L’âme de Millau

L’opposition municipale de gauche vient de ressortir à propos de l’aménagement du quai Sully Challiez, le slogan, si souvent utilisé, de l’atteinte portée à l’âme de la ville.

Sans vouloir remonter de plusieurs décennies dans l’histoire locale on peut retrouver cette attitude chaque fois qu’un projet nouveau est venu déranger l’ordonnance habituelle de nos rues et boulevards ou notre façon de vivre en ville.

Depuis la création du Parc de la Victoire ou la captation de l’eau de l’Espèrelle ou la mise en place d’un sens unique de circulation, les critiques et les polémiques furent toujours au rendez-vous des donneurs de leçons.

Qui a oublié l’angoisse de ceux qui ne voulaient pas voir disparaître « Valentine » la pendule qui donnait l’heure sur le Mandarous de trois côtés en même temps, mais pas toujours avec le même tempo.
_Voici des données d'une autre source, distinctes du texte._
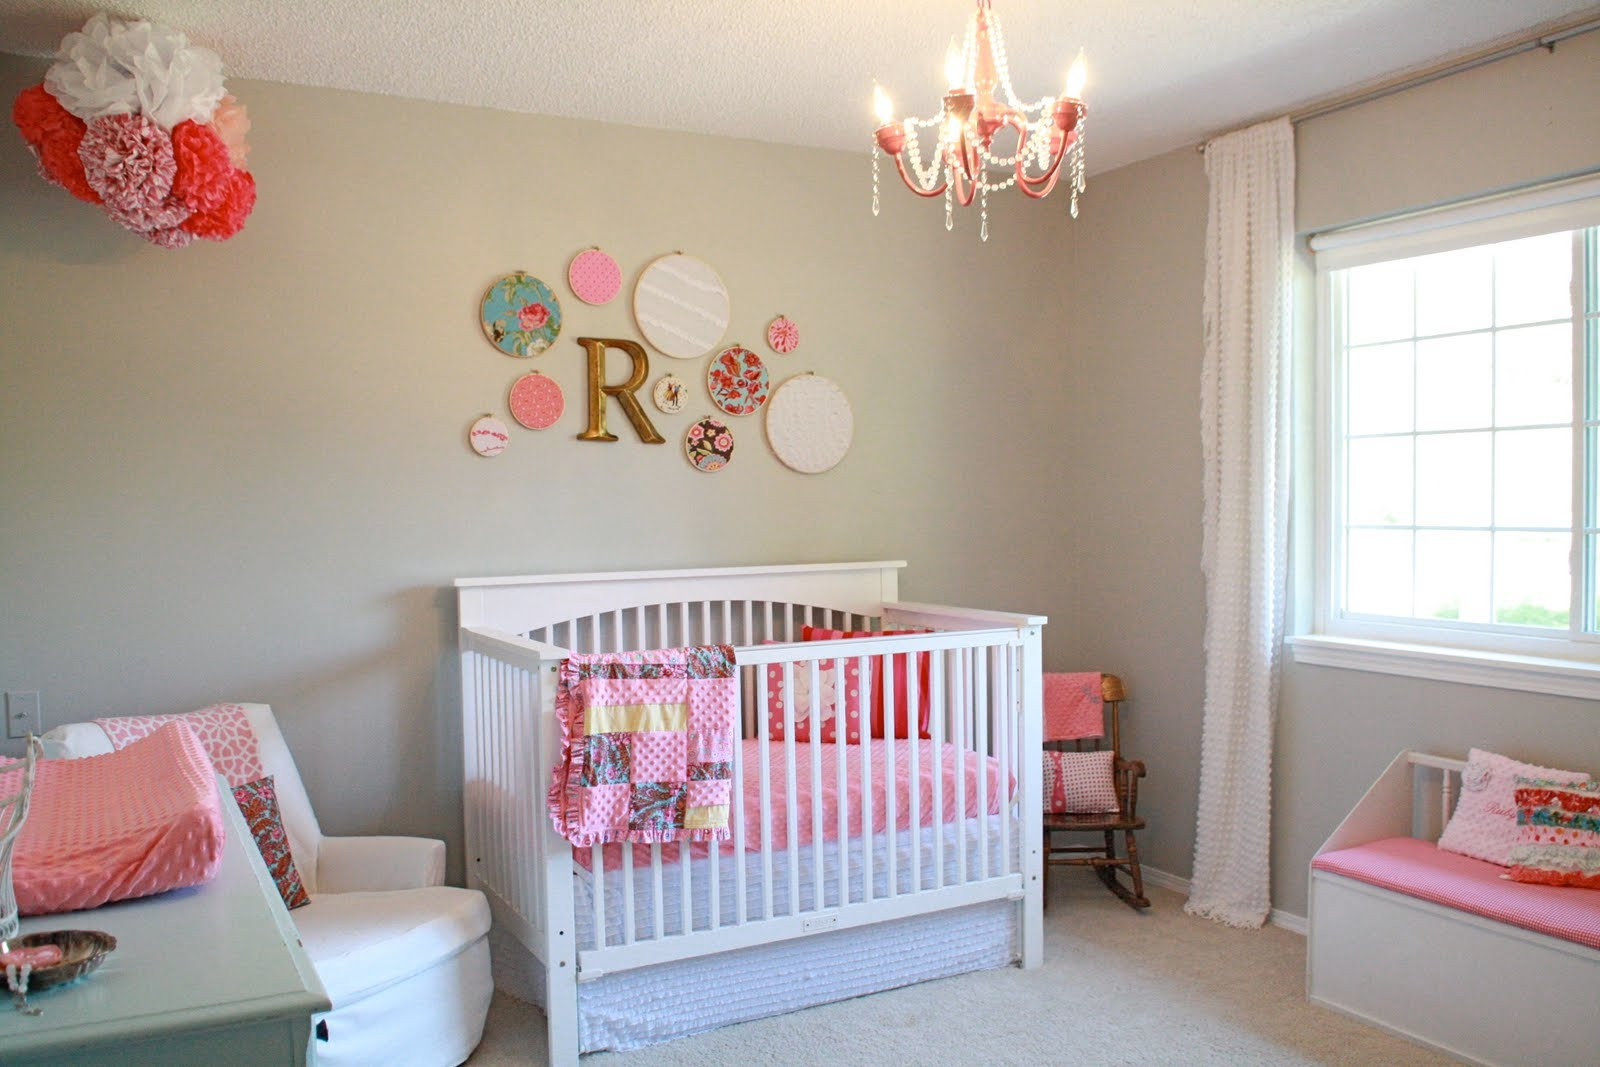 Walmart Baby Room Decor
 Butterfly Nursery Ideas Stickers For Bedroom Walls Erfly

C’était le cœur battant de Millau que l’on arrêtait.

Personnellement, j’ai le souvenir, étant alors l’opposition (de droite) au cours de la première mandature de Gérard Deruy de lui avoir proposé d’arrêter le fonctionnement de la sirène du beffroi ,qui, tous les jours, sonnait lugubrement l’heure du repas de midi, en lui disant que dans une ville qui se voulait touristique ce signal n’était pas du meilleur effet et faisait penser plus à Sarajevo qu’à un lieu pour vacances paisibles.

Voulant être démocrate jusque dans les détails il avait demandé l’avis du conseil municipal et avait été mis en minorité par sa majorité de gauche qui ne voulait pas de ce changement. Si bien que retenant mes arguments, quelque temps plus tard ladite sirène avait été discrètement mise en panne sans que personne n’y trouve à redire ou ne le regrette aujourd’hui. Là aussi, c’était l’âme de Millau et le symbole de son industrie que l’on assassinait !

Ces mêmes gens de gauche ont aussi crié bien fort à l’assassinat lorsque sous la première mandature Godfrain-Gayraud a été lancé le projet de stade d’eau vive à la Maladrerie. Il fallait arrêter le massacre de ce lieu emblématique de la vie millavoise. Pas touche à mon « Saoutadou » !

Articles, protestations et surtout manifestations sur le terrain conduites par M. Durand entrainant l’arrêt du travail des pelleteuses et du chantier. Les défenseurs de « l’âme millavoise » ont voulu, là aussi, s’opposer à l’abattage des arbres, certains s’étant même enchainés symboliquement sur place. Opposition aussi pendant la campagne électorale municipale de la liste de gauche à l’aménagement de la Capelle pour, une fois élue, engager la réalisation du projet.

Comme pour le stade d’eau vive, dans quelques années et certainement après les prochaines élections municipales il ne sera plus question de protester contre l’aménagement du quai Sully Challiez si l’équipement réalisé donne satisfaction à la majorité des Millavois.

Il restera alors à penser, enfin, plan d’eau à la Graufesenque pour que le tourisme local ait la place qui doit être la sienne dans l’économie locale. En attendant, les échéances électorales approchent, il faut exister, même si c’est souvent au prix d’un conservatisme étroit et sans avenir.